In order to better understand the interaction between groups, we next compared the underlying hit and false alarm rates. The mixed-design ANOVA for hits revealed no effect of age (F 1,51 = 2.76, p = 0.10), no effect of condition (F 2,102 = 2.35, p = 0.10), and an interaction of age and condition (F 2,102 = 4.07, p < 0.03). To interrogate this interaction, both within-group and between-group tests were performed. Pair-wise comparisons for older adults showed that hits did not differ by condition. Younger adults had fewer hits in VD than SHUT or GRAY (both comparisons, p < 0.01), and there was no difference between SHUT and GRAY. Comparisons between groups showed that hits were greater for younger adults in SHUT and GRAY (both comparisons, p < 0.03) and did not differ between age groups in the VD condition. The mixed-design ANOVA for false alarms revealed an effect of age (F 1,51 = 7.20, p < 0.01), no effect of condition, a trend for an interaction of age and condition (F 2,102 = 2.51, p = 0.09). Pair-wise comparisons for older adults showed that false alarms did not differ by condition. Younger adults had fewer false alarms in SHUT than GRAY or VD (both comparisons, p < 0.05), and there was no difference between GRAY and VD. Comparisons between groups showed that false alarms increased for older adults in SHUT (p < 0.001) and did not differ from younger adults in GRAY or VD. Therefore, the results for overall recognition performance showed a significant age-related impairment in the SHUT condition and no difference between older and younger adults in the visual distraction condition (VD).

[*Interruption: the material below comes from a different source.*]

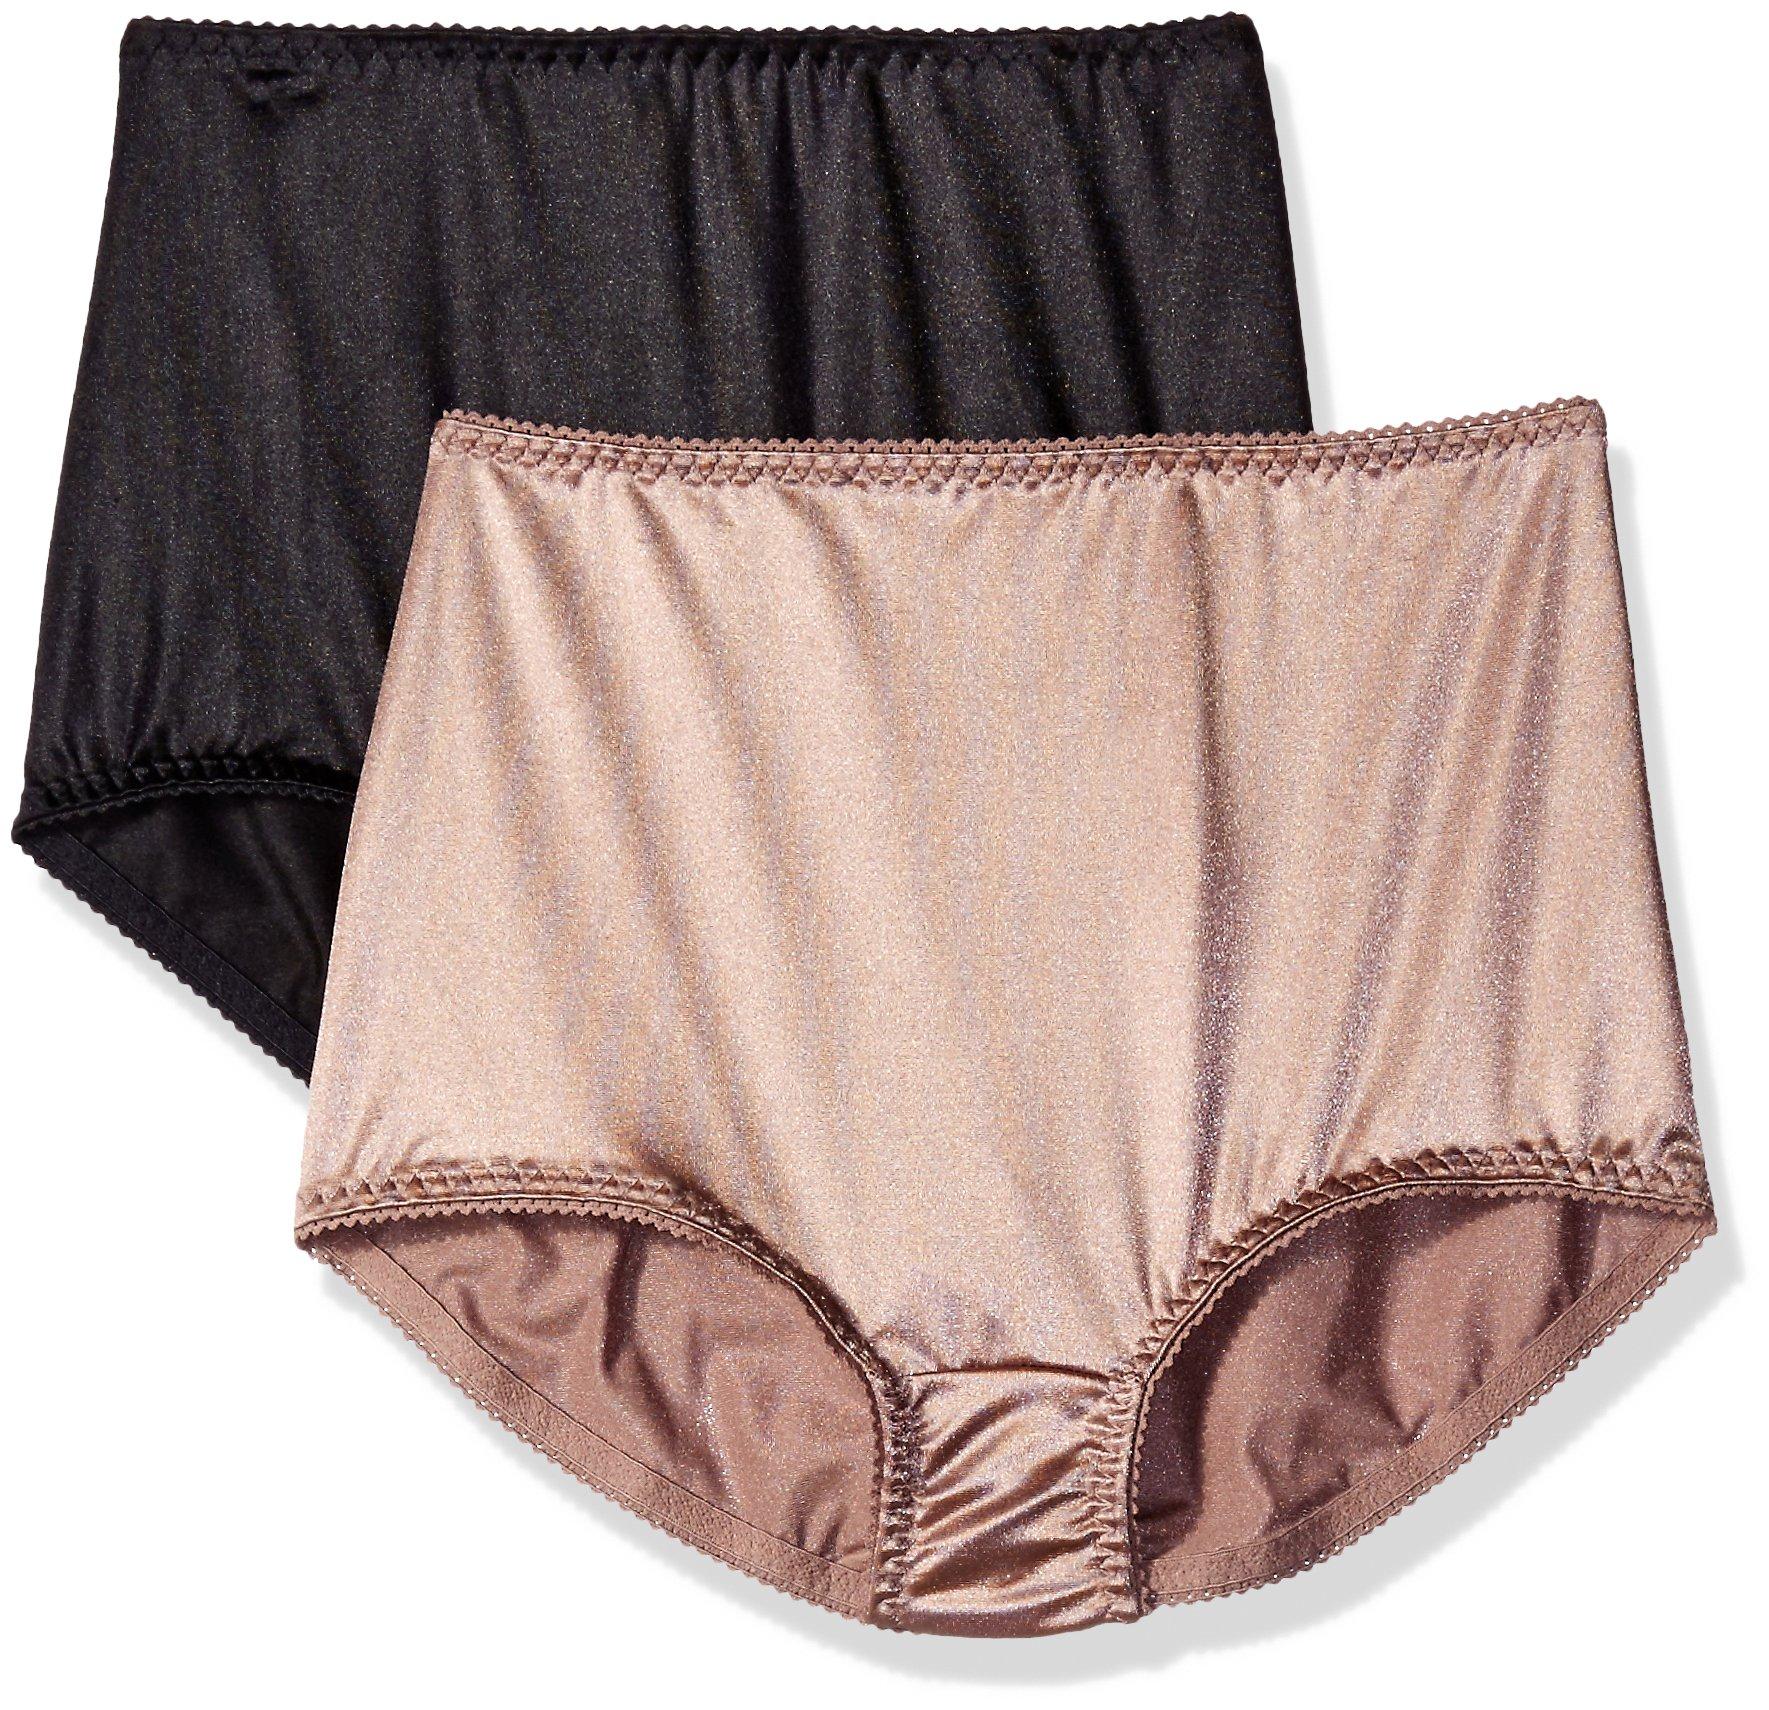 Vassarette Women's Undershapers 2-Pack Light Control Brief 40201, Walnut/Black, 3X-Large/10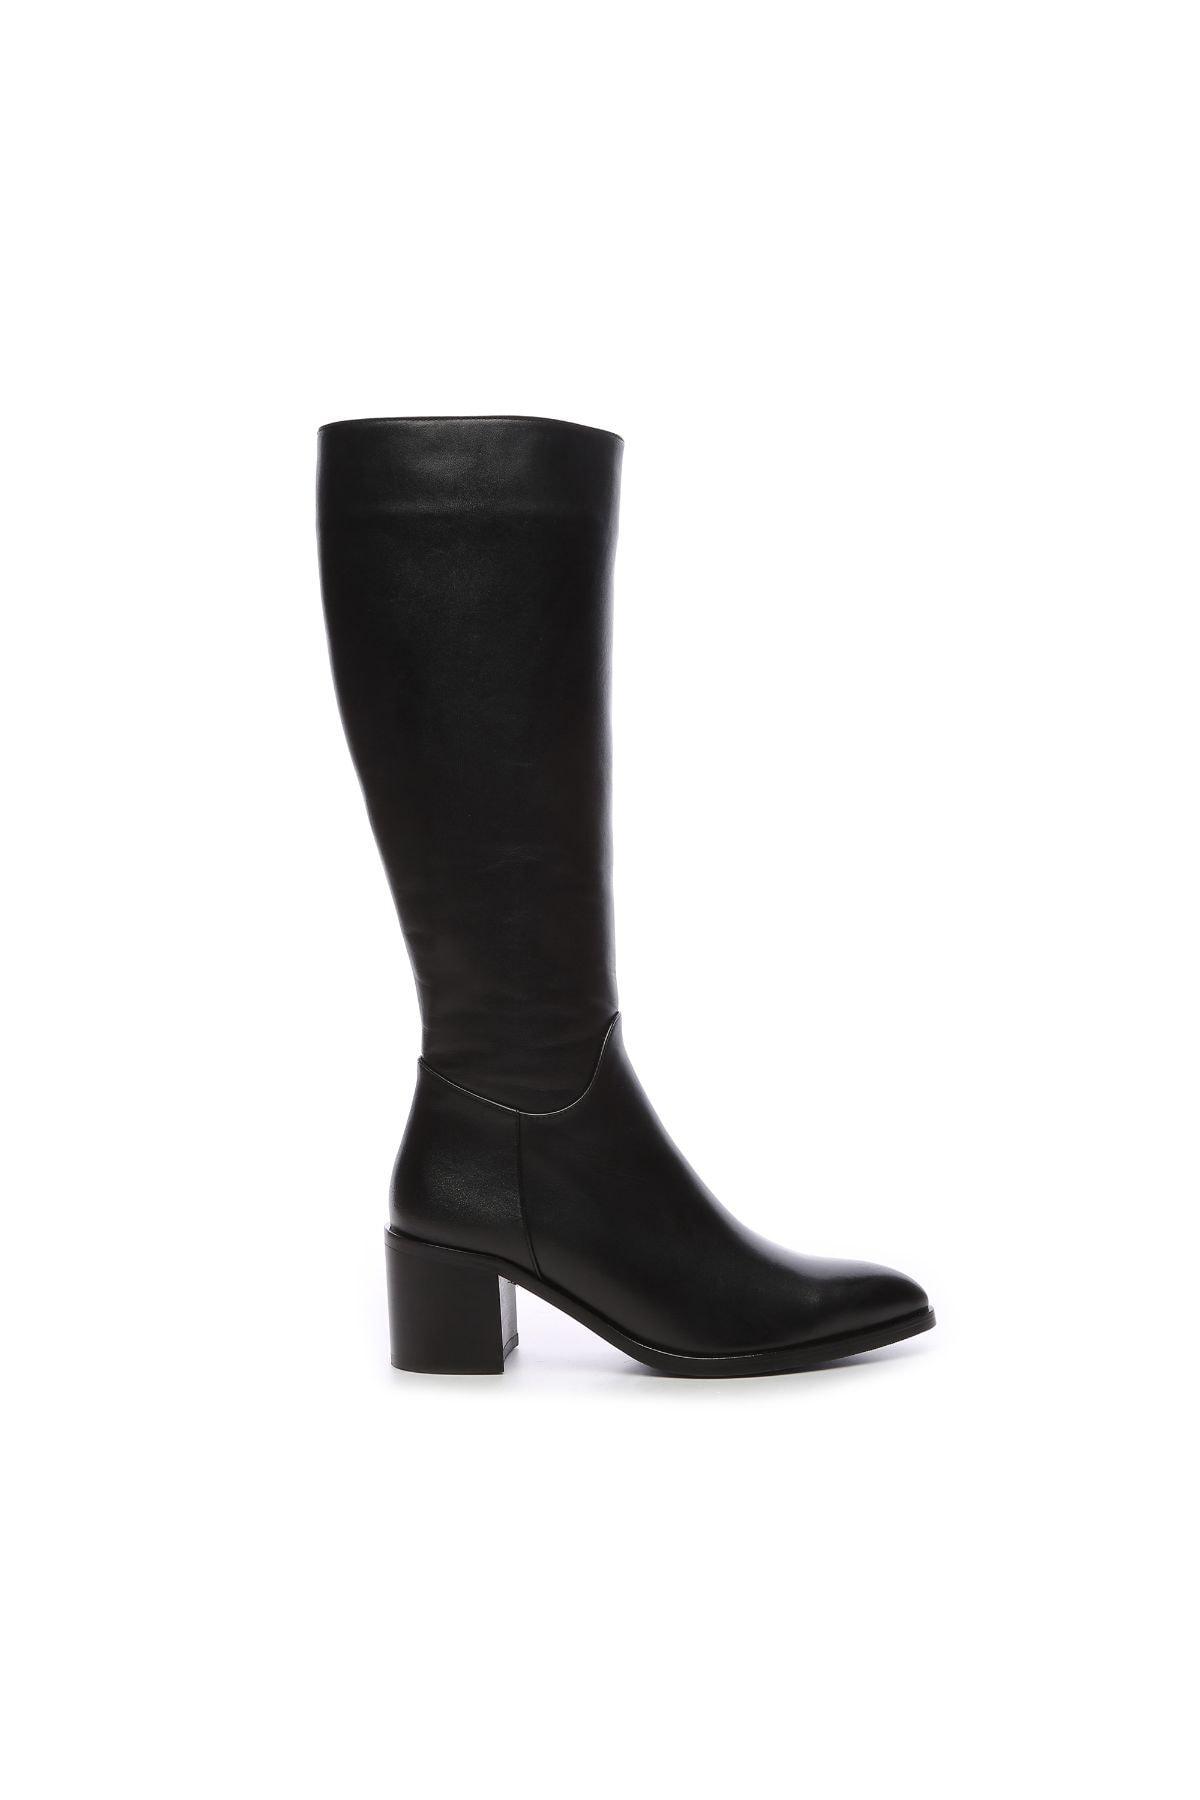 KEMAL TANCA Kadın Derı Çizme Çizme 51 350C BN CZM SK20 1

2.2 Recollection of visual details

An objective measure of recollection of relevant details was assessed using conditional correct scores, which computed the proportion of responses for a correct count given that an item was not forgotten (i.e., p(Correct)/(1− p(Forgotten)). A mixed-design ANOVA (younger/older X SHUT/GRAY/VD) compared the conditional correct scores, which revealed a main effect of age (F 1,51 = 6.34, p < 0.02), a main effect of condition (F 2,102 = 15.71, p < 0.001), and an interaction of age and condition (F 2,102 = 5.74, p < 0.005). To interrogate this interaction, both within-group and between-group tests were performed (Figure 2). The comparison for older adults showed a main effect of condition (F 2,50 = 17.59, p < 0.001), such that retrieval of relevant visual details declined significantly in VD relative to SHUT and GRAY (both pairwise comparisons, p < 0.001). There was no difference between conditional correct scores for SHUT and GRAY. The results showed that the presence of visual distraction diminished objective recollection for older adults. In the comparison for younger adults, there was no main effect of condition on conditional correct scores (F 2,52 = 1.78, p = 0.18). These results suggest a more subtle impact of visual distraction on objective recollection for the younger adults, relative to the older adults. Pair-wise tests showed that VD declined relative to SHUT (p < 0.05), but not GRAY, and there was no difference between SHUT and GRAY.

Figure 2
Impact of Visual Distraction on Episodic Retrieval

Between-group comparisons, which directly compared conditions for older and younger adults, revealed that objective recollection declined significantly for older adults in VD (relative to younger adults, p < 0.001), while there were only trends for age-related declines in SHUT and GRAY (relative to younger adults, p = 0.07 for SHUT and p = 0.08 for GRAY). This finding that older adults exhibited diminished recollection in the setting of visual distraction is in contrast to the absence of an age-related change on overall recognition as the impact of distraction, thus establishing the selectivity of distractibility on recollection.

2.3 Distractibility Index

Further analyses used a distraction index to account for overall differences in recollection performance between individuals and directly explore differences between age groups induced by distraction. For each older and younger participant, a distraction index was calculated for conditional correct scores (i.e., SHUT correct – VD correct). A greater index corresponds to greater disruption by distraction during episodic retrieval, that is to say greater distractibility. An independent samples test of the distraction index, assuming unequal variances, revealed greater distractibility in the older adults than the younger adults (Figure 3; t 51= 3.03, p < 0.005). The result of the comparison of distractibility indices provides strong evidence that visual distraction disrupted recollection of relevant details to a greater degree in older than younger adults.

Figure 3
Comparison of Distractibility between Older and Younger Adults

3. Discussion

A broad literature has proposed that cognitive decline in older adults is based on a combination of underlying factors (Zacks and Hasher, 2006), including deficits in the ability to suppress irrelevant information (Gazzaley et al., 2008; Gazzaley et al., 2005; Hasher et al., 1999). However, this factor has not yet been shown to account for selective deficits in retrieval of detailed memory that occurs in aging (i.e., episodic retrieval deficits). To evaluate if the negative influence of irrelevant external information is a factor in age-related memory decline, we tested retrieval when older participants were undisturbed by external visual distraction (i.e., eyes closed) or exposed to irrelevant visual stimuli (i.e., eyes open).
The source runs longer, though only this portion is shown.